For this assignment you will perform exploratory data analysis to visualize wine dataset using Scikit Learn. And, you will explore the bias/variance trade-off by applying k-nearest neighbors classification to the Wine dataset and varying the hyperparameter k.

Documentation for Scikit Learn:
+ The top level documenation page is here: https://scikit-learn.org/stable/index.html
+ The API for the KNearestNeighborsClassifier is here: https://scikit-learn.org/stable/modules/generated/sklearn.neighbors.KNeighborsClassifier.html#sklearn.neighbors.KNeighborsClassifier
+ The User Guide for KNearestNeighborsClassifier is here: https://scikit-learn.org/stable/modules/neighbors.html#classification
+ Scikit Learn provides many Jupyter notebook examples on how use the toolkit. These Jupyter notebook examples can be run on MyBinder: https://scikit-learn.org/stable/auto_examples/index.html

For more information about the Wine dataset, see this page https://scikit-learn.org/stable/modules/generated/sklearn.datasets.load_wine.html.

In [None]:
import matplotlib.pyplot as plt
from mpl_toolkits.mplot3d import Axes3D
from sklearn import datasets
from sklearn import neighbors
from sklearn.model_selection import train_test_split
from pandas import DataFrame

##  Load Wine dataset

In [None]:
wine = datasets.load_wine()
X = wine.data
y = wine.target

## Part 1 Exploratory Data Analysis

### Dataset size

In [None]:
print("Number of instances in the wine dataset:", X.shape[0])
print("Number of features in the wine dataset:", X.shape[1])
print("The dimension of the data matrix X is", X.shape)

In [None]:
X

The `y` vector length is 178. It has three unique values: 0, 1 and 2. Each value represents a kine of wine.

In [None]:
y

### Descriptive statistics

Show the summary table of wine data including min, max, median, and quantiles

In [None]:
y.shape

In [None]:
dir(wine)

In [None]:
import numpy as np
import pandas as pd
wine_df = pd.DataFrame(data= np.c_[wine['data'], wine['target']],
                     columns= wine['feature_names'] + ['target'])

In [None]:
wine_df.describe()

In [None]:
wine.target_names

In [None]:
wine.feature_names

### (TODO) Part 1a Draw box plots

Draw four box plots for attributes: alcohol, malic_acid, ash, alcalinity_of_ash. Use color to show the different target class.

Some links to help you:

https://seaborn.pydata.org/generated/seaborn.boxplot.html

https://matplotlib.org/stable/api/_as_gen/matplotlib.pyplot.boxplot.html

In [None]:
import matplotlib.pyplot as plt
import seaborn as sns

In [None]:
## Insert your code here...

### (TODO) Part 1b
Based on the box plots, if you were only allowed to choose one attribute which attribute would you choose? Whay?

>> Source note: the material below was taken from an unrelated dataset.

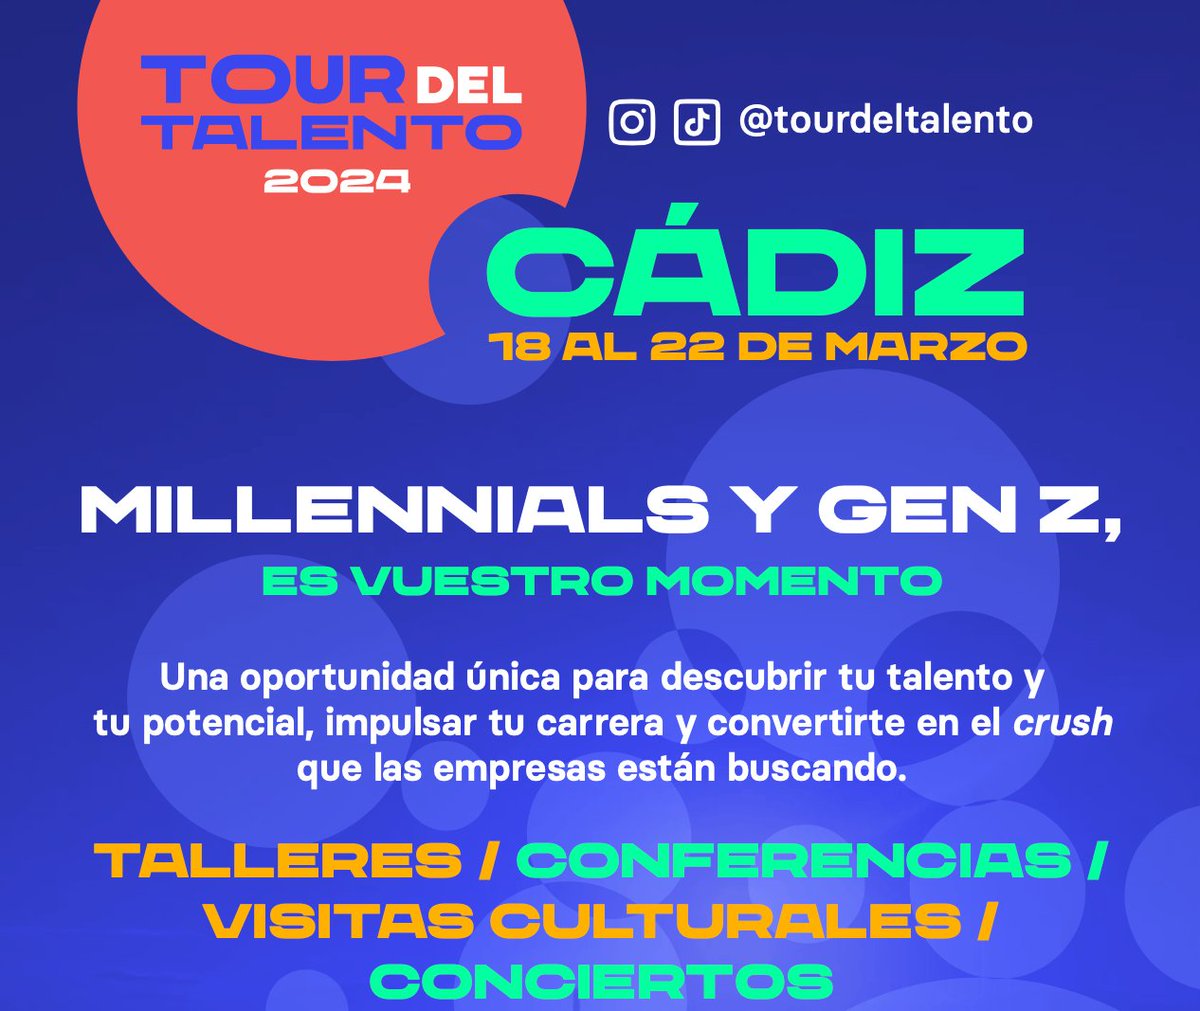 🎉🌟 El Tour del Talento llega a la ciudad de Cádiz, ¡y estamos listos para vivir una experiencia inolvidable! 💼 Descubre nuevas oportunidades, y ¡empieza a brillar! 💫✨ @univcadiz @Cadiz_es   💙💛 Regístrate ahora y ¡no te lo pierdas! ➡️ t.ly/RqNWb
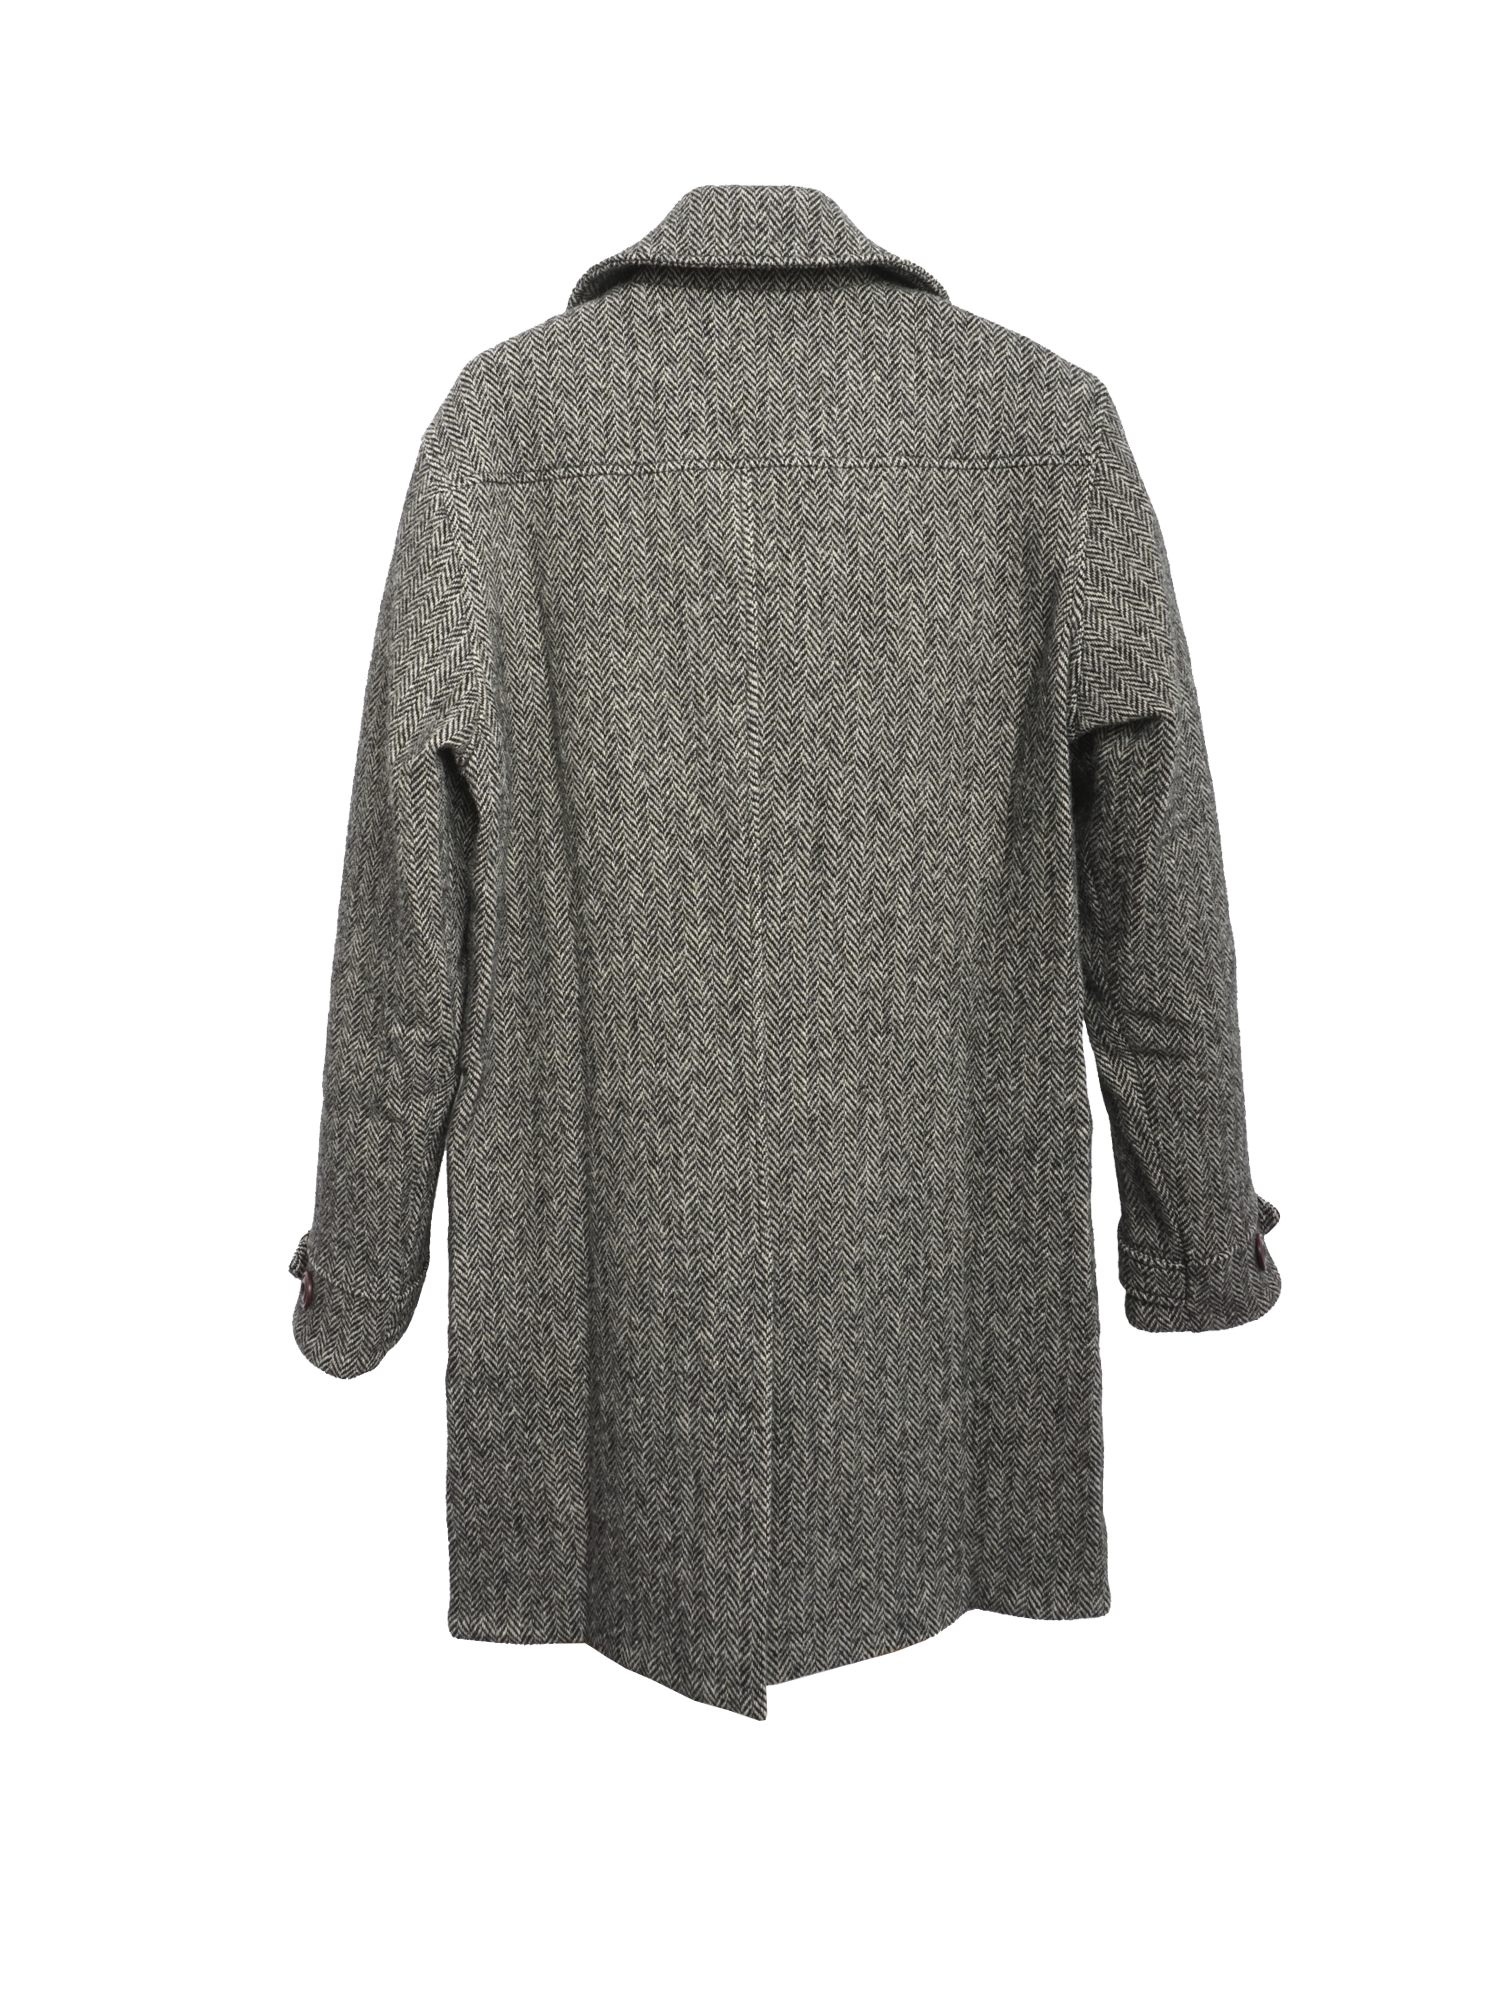 K5501 AJAX Mens luxury wool coat

#### Insert your answer for 1b here...

### (TODO) Part 1c Scatter plots

Generate [scatter plots](https://matplotlib.org/stable/api/_as_gen/matplotlib.pyplot.scatter.html) using each pair of the first 4 attributes (alcohol, malic_acid, ash, alcalinity_of_ash) as axis. You should generate $6 = {4 \choose 2}$ scatter plots.

Note: use the smaller index attribute as x axis and the larger one as y axis. eg. for pair (alcohol, malic_acid), alcohol is the x axis and malic_acid is y axis.

In [None]:
## Insert your answer here...

### (TODO) Part 1d
If you were to draw linear decision boundaries to separate the classes, which scatter plot from 1c do you think will have the least error and which the most?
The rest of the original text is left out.